An Interview With Alexa Clay
You study the misfits of society and sub-cultures. What is the best piece of advice you have learnt from fringe organisations?
From hermits I've learned the value of quiet and connecting with your authenticity. From hackers I've learned the need for autonomy and relaxed hierarchy. From gangsters I've learned the art of hustle and resourcefulness. From live-action-role-players I've learned how fantasy role playing can be an incredible source of creativity for prototyping.
A lot of the underground innovators you work with keep their work a secret, and make their organisation very hard to get hold of, how do you source out these grassroots organisations of society in order to bring their activities to light?

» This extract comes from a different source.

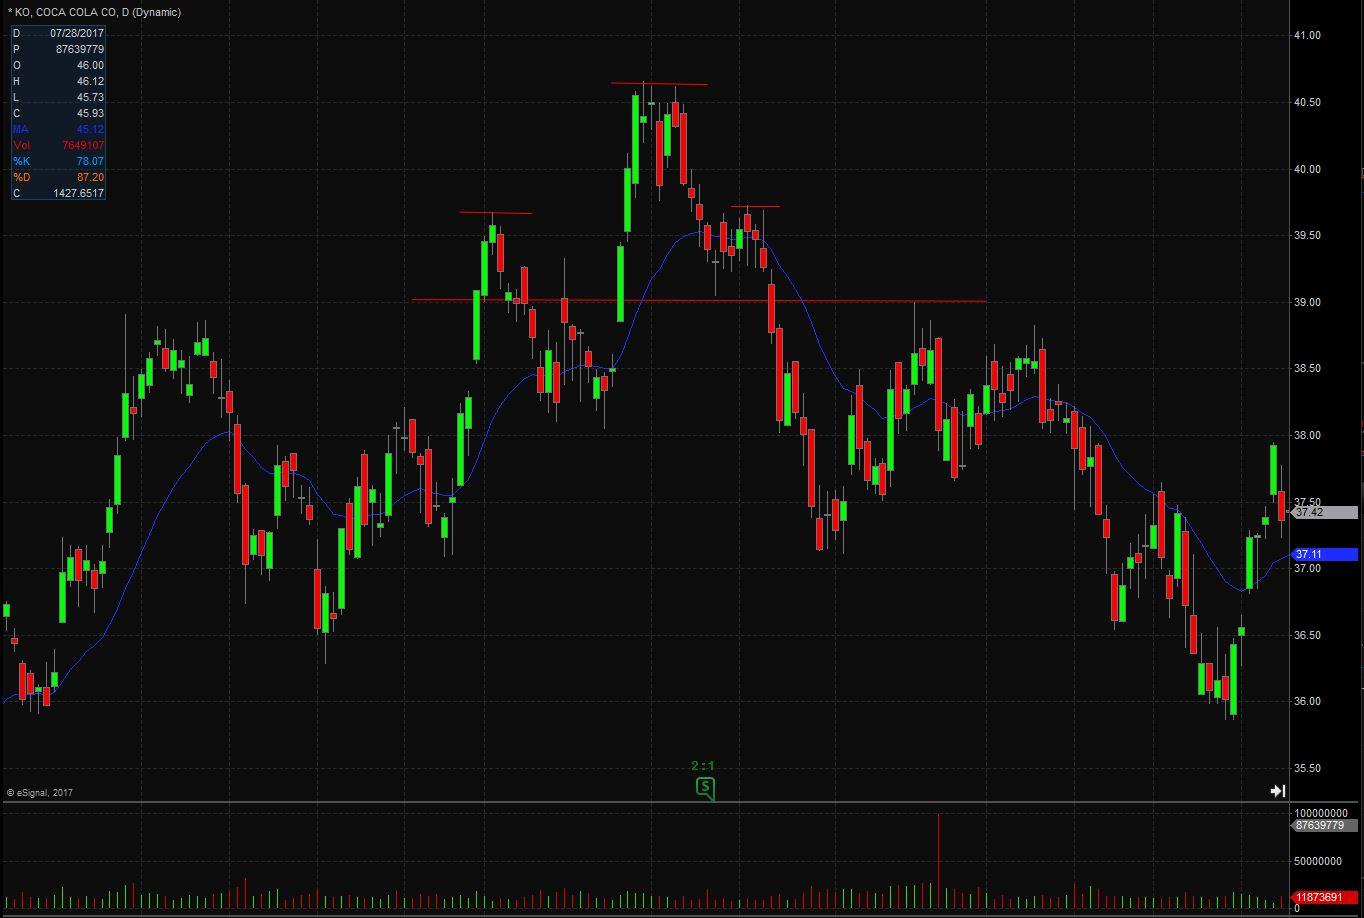 bearish chart patterns

I spent over four years building trust with innovators in the black market and informal economy. There is no LinkedIn for these types of actors - so a lot of my research was based on introductions, just being at the right place at the right time, and knowing where to look in particular cities. Most people feel pretty immune to the law, so I was surprised how open and talkative people were.
What tools/key messages do you hope clients take away following a keynote session with you?
1. Exposure to cutting-edge thinking on creativity and innovation practice 2. Inspiring models of organising and community building 3. Dynamic insight into “fringe” communities and best practice from hackers, pirates, gangsters, and hippies 4. How to create enabling environments for intrapreneurs and how to foster innovative subcultures within organisations
How did you get into public speaking? What projects are you currently working on, both in this capacity and generally?
I got into public speaking to help create bridges between "old power" institutions and emergent fringe subcultures. I am currently working with different "neo-tribe" communities around the world - helping to share the stories of alternative forms of community from start-up and hacker collectives to eco-villages, maker spaces, co-living communities and new types of guerilla networks popping up around the world.
Has your work ever put you in danger, if so how did you combat this?
I've been very careful. I've only ever been mugged once - and that was unsuccessful. It was by a guy who seemed like it was his first time trying it out. The only real danger I was ever in was taking a death-defying motorcycle ride with an Indian gangster who nearly made me into road kill.